Extract each record and reproduce it exactly.

▶ _Stored records_
/---
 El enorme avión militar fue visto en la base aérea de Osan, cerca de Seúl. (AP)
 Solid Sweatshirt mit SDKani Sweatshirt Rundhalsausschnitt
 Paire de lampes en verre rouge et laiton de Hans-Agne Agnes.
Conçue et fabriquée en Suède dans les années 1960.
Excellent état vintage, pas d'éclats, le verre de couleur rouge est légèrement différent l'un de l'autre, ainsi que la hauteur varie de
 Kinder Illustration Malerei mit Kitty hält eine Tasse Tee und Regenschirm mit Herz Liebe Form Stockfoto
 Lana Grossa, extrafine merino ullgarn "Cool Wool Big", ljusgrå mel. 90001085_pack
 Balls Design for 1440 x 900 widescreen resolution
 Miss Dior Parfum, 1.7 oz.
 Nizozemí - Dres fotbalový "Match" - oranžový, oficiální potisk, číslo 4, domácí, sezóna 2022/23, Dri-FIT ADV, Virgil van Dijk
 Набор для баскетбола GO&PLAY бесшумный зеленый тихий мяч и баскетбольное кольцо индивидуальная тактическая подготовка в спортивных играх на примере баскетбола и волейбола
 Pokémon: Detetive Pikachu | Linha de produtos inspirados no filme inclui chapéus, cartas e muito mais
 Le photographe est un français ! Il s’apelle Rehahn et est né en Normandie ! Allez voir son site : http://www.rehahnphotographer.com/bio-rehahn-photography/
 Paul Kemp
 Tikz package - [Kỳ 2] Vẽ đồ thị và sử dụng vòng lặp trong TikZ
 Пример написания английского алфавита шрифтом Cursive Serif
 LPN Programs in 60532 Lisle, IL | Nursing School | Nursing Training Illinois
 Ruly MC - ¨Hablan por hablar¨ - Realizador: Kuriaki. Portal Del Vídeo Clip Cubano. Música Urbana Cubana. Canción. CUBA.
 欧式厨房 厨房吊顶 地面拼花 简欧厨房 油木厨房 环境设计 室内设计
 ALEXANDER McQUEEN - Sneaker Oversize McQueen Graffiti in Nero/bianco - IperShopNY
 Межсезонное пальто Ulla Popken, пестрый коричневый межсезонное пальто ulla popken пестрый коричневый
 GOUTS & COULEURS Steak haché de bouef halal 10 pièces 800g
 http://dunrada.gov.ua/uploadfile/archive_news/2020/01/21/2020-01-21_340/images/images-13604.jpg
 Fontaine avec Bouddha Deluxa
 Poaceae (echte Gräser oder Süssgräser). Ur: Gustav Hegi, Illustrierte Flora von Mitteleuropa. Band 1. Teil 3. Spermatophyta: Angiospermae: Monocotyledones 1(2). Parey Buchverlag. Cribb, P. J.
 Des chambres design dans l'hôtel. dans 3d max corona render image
\---
▶ _Task result_
 El enorme avión militar fue visto en la base aérea de Osan, cerca de Seúl. (AP)
 Solid Sweatshirt mit SDKani Sweatshirt Rundhalsausschnitt
 Paire de lampes en verre rouge et laiton de Hans-Agne Agnes.
Conçue et fabriquée en Suède dans les années 1960.
Excellent état vintage, pas d'éclats, le verre de couleur rouge est légèrement différent l'un de l'autre, ainsi que la hauteur varie de
 Kinder Illustration Malerei mit Kitty hält eine Tasse Tee und Regenschirm mit Herz Liebe Form Stockfoto
 Lana Grossa, extrafine merino ullgarn "Cool Wool Big", ljusgrå mel. 90001085_pack
 Balls Design for 1440 x 900 widescreen resolution
 Miss Dior Parfum, 1.7 oz.
 Nizozemí - Dres fotbalový "Match" - oranžový, oficiální potisk, číslo 4, domácí, sezóna 2022/23, Dri-FIT ADV, Virgil van Dijk
 Набор для баскетбола GO&PLAY бесшумный зеленый тихий мяч и баскетбольное кольцо индивидуальная тактическая подготовка в спортивных играх на примере баскетбола и волейбола
 Pokémon: Detetive Pikachu | Linha de produtos inspirados no filme inclui chapéus, cartas e muito mais
 Le photographe est un français ! Il s’apelle Rehahn et est né en Normandie ! Allez voir son site : http://www.rehahnphotographer.com/bio-rehahn-photography/
 Paul Kemp
 Tikz package - [Kỳ 2] Vẽ đồ thị và sử dụng vòng lặp trong TikZ
 Пример написания английского алфавита шрифтом Cursive Serif
 LPN Programs in 60532 Lisle, IL | Nursing School | Nursing Training Illinois
 Ruly MC - ¨Hablan por hablar¨ - Realizador: Kuriaki. Portal Del Vídeo Clip Cubano. Música Urbana Cubana. Canción. CUBA.
 欧式厨房 厨房吊顶 地面拼花 简欧厨房 油木厨房 环境设计 室内设计
 ALEXANDER McQUEEN - Sneaker Oversize McQueen Graffiti in Nero/bianco - IperShopNY
 Межсезонное пальто Ulla Popken, пестрый коричневый межсезонное пальто ulla popken пестрый коричневый
 GOUTS & COULEURS Steak haché de bouef halal 10 pièces 800g
 http://dunrada.gov.ua/uploadfile/archive_news/2020/01/21/2020-01-21_340/images/images-13604.jpg
 Fontaine avec Bouddha Deluxa
 Poaceae (echte Gräser oder Süssgräser). Ur: Gustav Hegi, Illustrierte Flora von Mitteleuropa. Band 1. Teil 3. Spermatophyta: Angiospermae: Monocotyledones 1(2). Parey Buchverlag. Cribb, P. J.
 Des chambres design dans l'hôtel. dans 3d max corona render image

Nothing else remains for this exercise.